Correction of Atmospheric Model Through Data Mining With Historical Data of Two-Line Element

• Main Authors: Xue Bai, Chuan Liao, Ming Xu, Yaru Zheng
• Format: Article
• Language: English
• Published: IEEE 2020-01-01
• Series: IEEE Access
• Subjects: Data mining; atmospheric mass density model; random forest; artificial neural network; support vector machine; two-line element
• Online Access: https://ieeexplore.ieee.org/document/9134447/

The existing atmospheric mass density models (AMDM) would produce considerable errors in orbital prediction for Low Earth Orbit (LEO) satellites. In order to reduce these errors and correct the AMDM, this paper presents methods based on data mining with historical data of two-line element (TLE). Starting from a typical LEO satellite, TIANHUI, two orbital dynamical models are firstly proposed as the simulation environment to generate training data. The historical TLE data are regarded as actual space environment and used to generate application data. Secondly, three data mining methods, Random Forest (RF), Artificial Neural Network (ANN) and Support Vector Machine (SVM), are combined with the training data to investigate their feasibility in recovering the known deviation of AMDM under simulation environment. Training results show that RF displays the best performance and achieves the accuracy of 99.99%, while the other two methods only achieve 86.83% and 71.90% respectively.

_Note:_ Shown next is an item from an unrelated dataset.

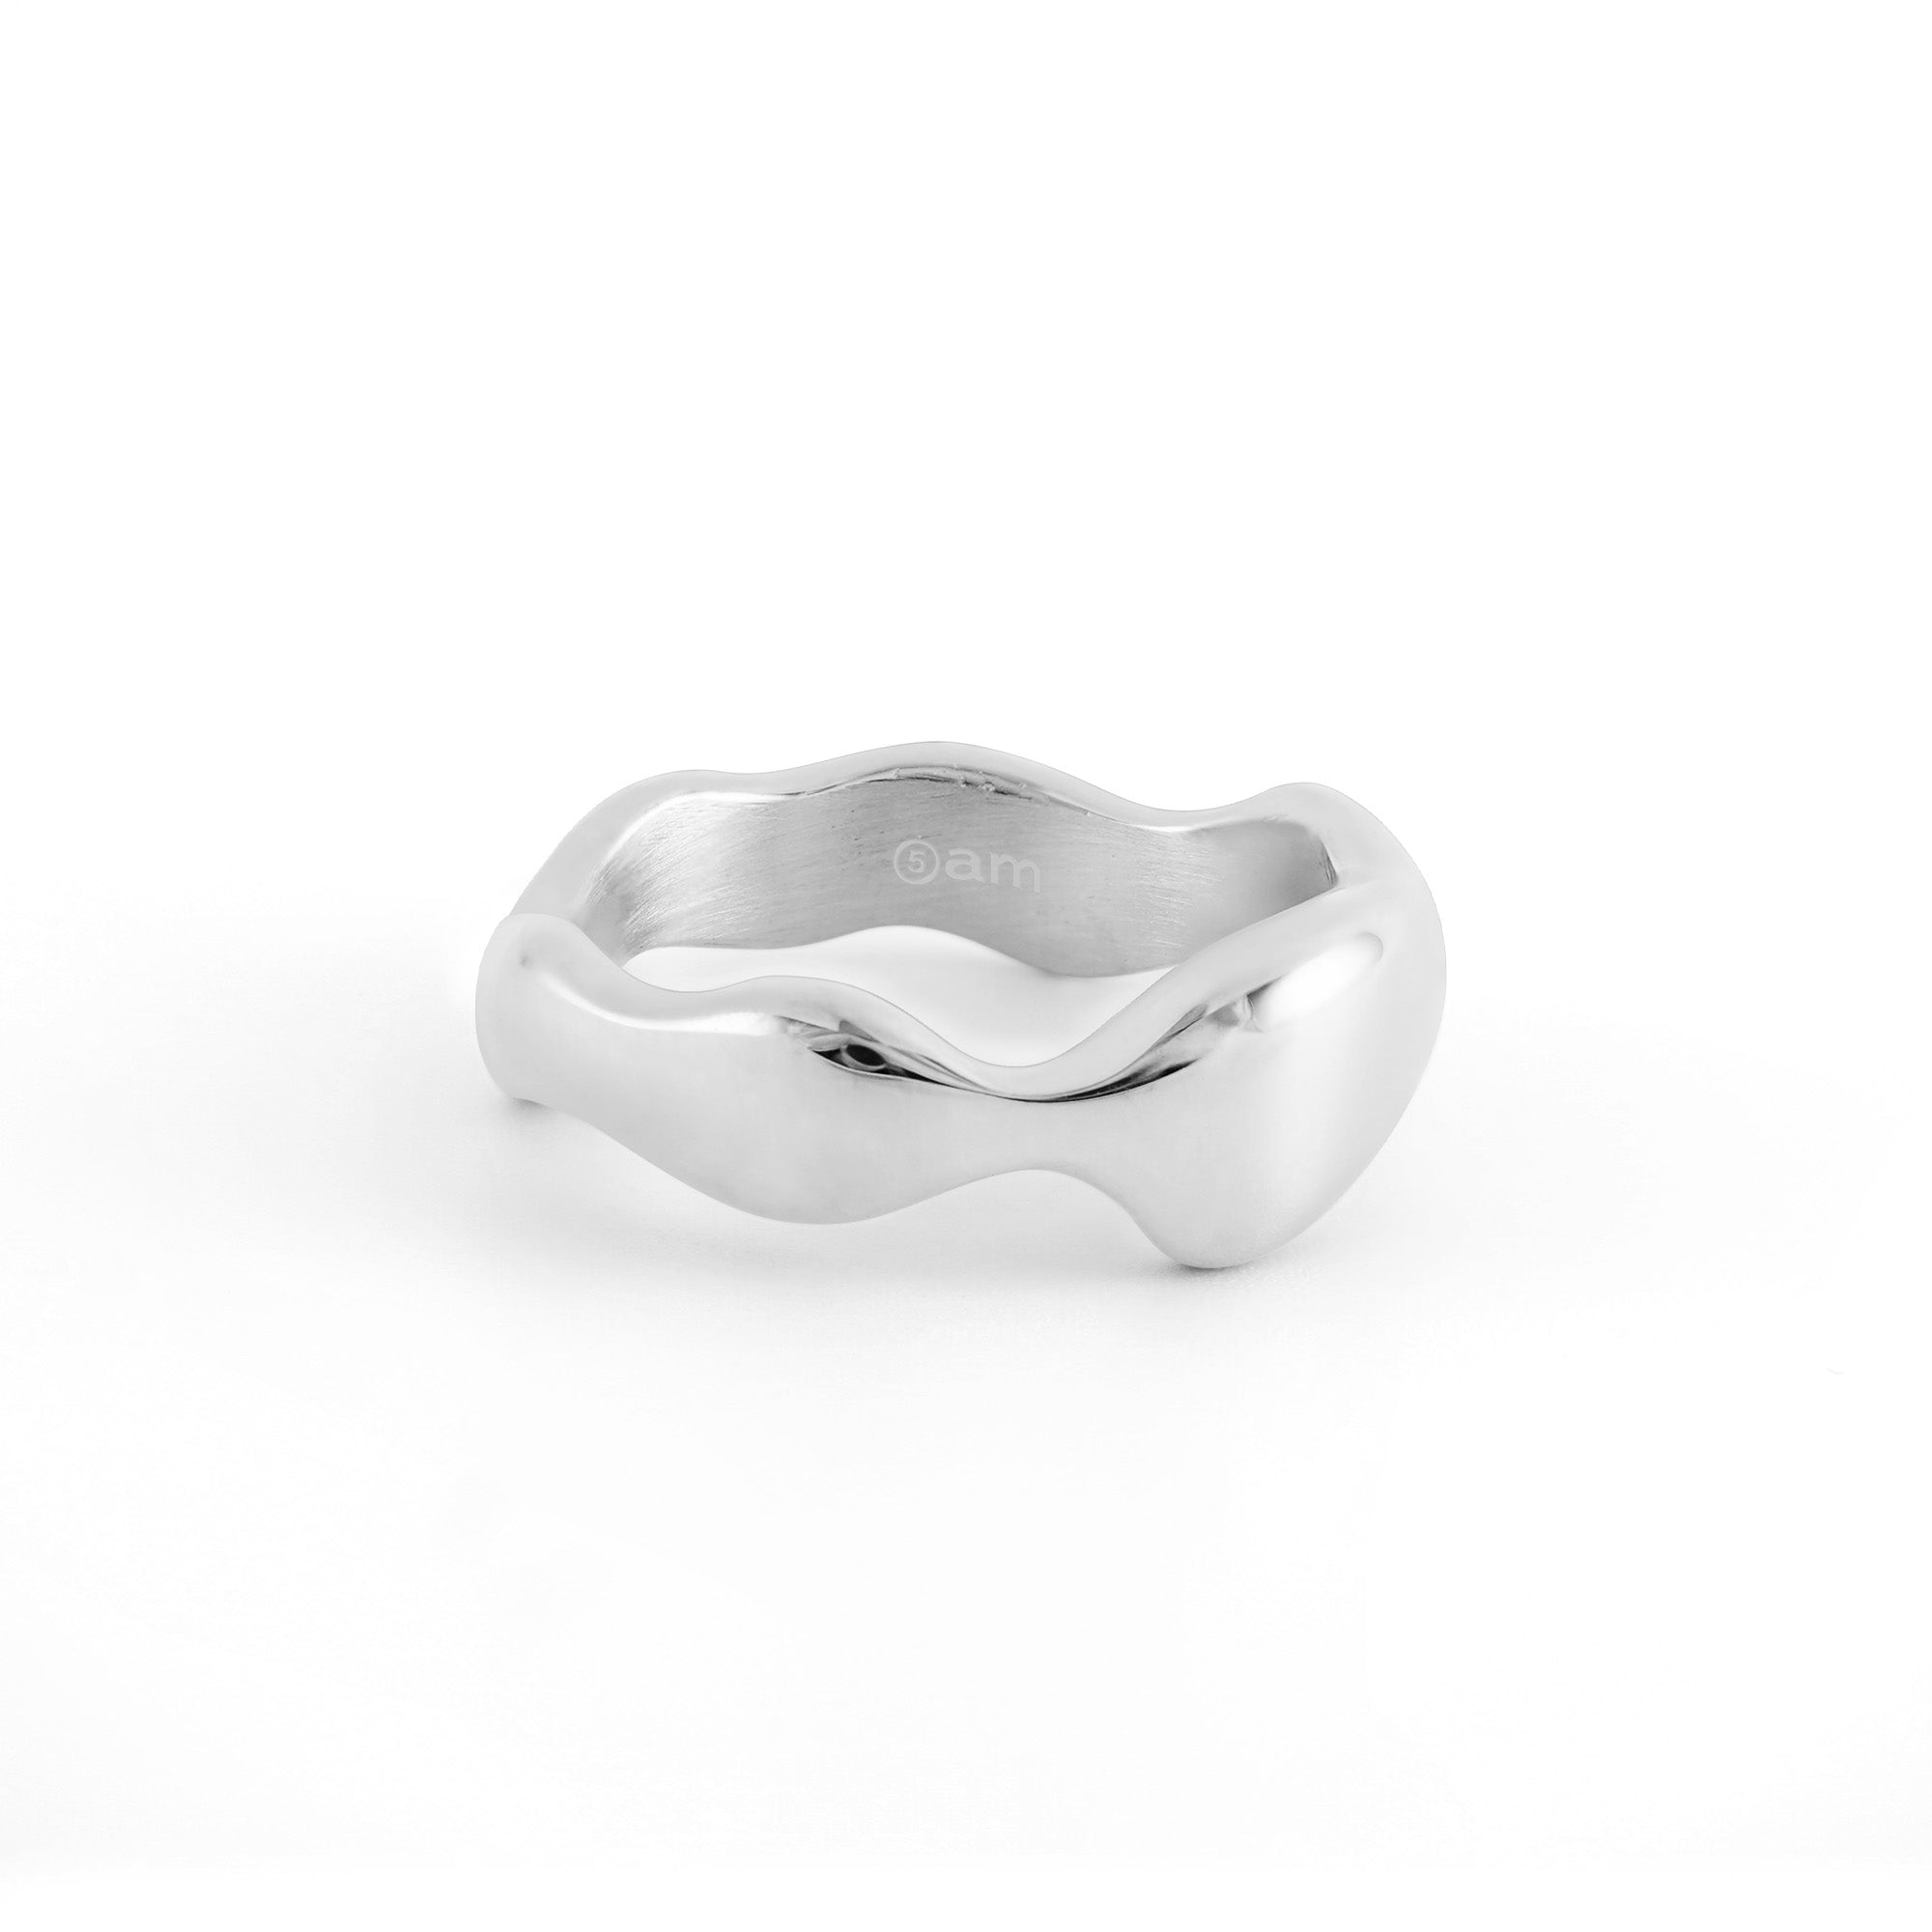 Dawn women's ring by Five Jwlry, a collaboration with Alicia Moffet, blending classic band style with the fluid elegance of a water droplet. Available in 14k gold or silver, this unique piece is crafted from water-resistant 316L stainless steel. Hypoallergenic with a 2-year warranty.

Thirdly, under the actual space environment, this paper uses new training and application data to research the ability of the three methods in recovering the unknown deviation of the AMDM and improve the accuracy of orbital prediction. Numerical results are evidential to the accuracy of the proposed methods based on data mining. It is concluded that the capabilities of the data mining for correction for the atmospheric model are very promising, with great potential to advance practical applications on on-orbit propagation.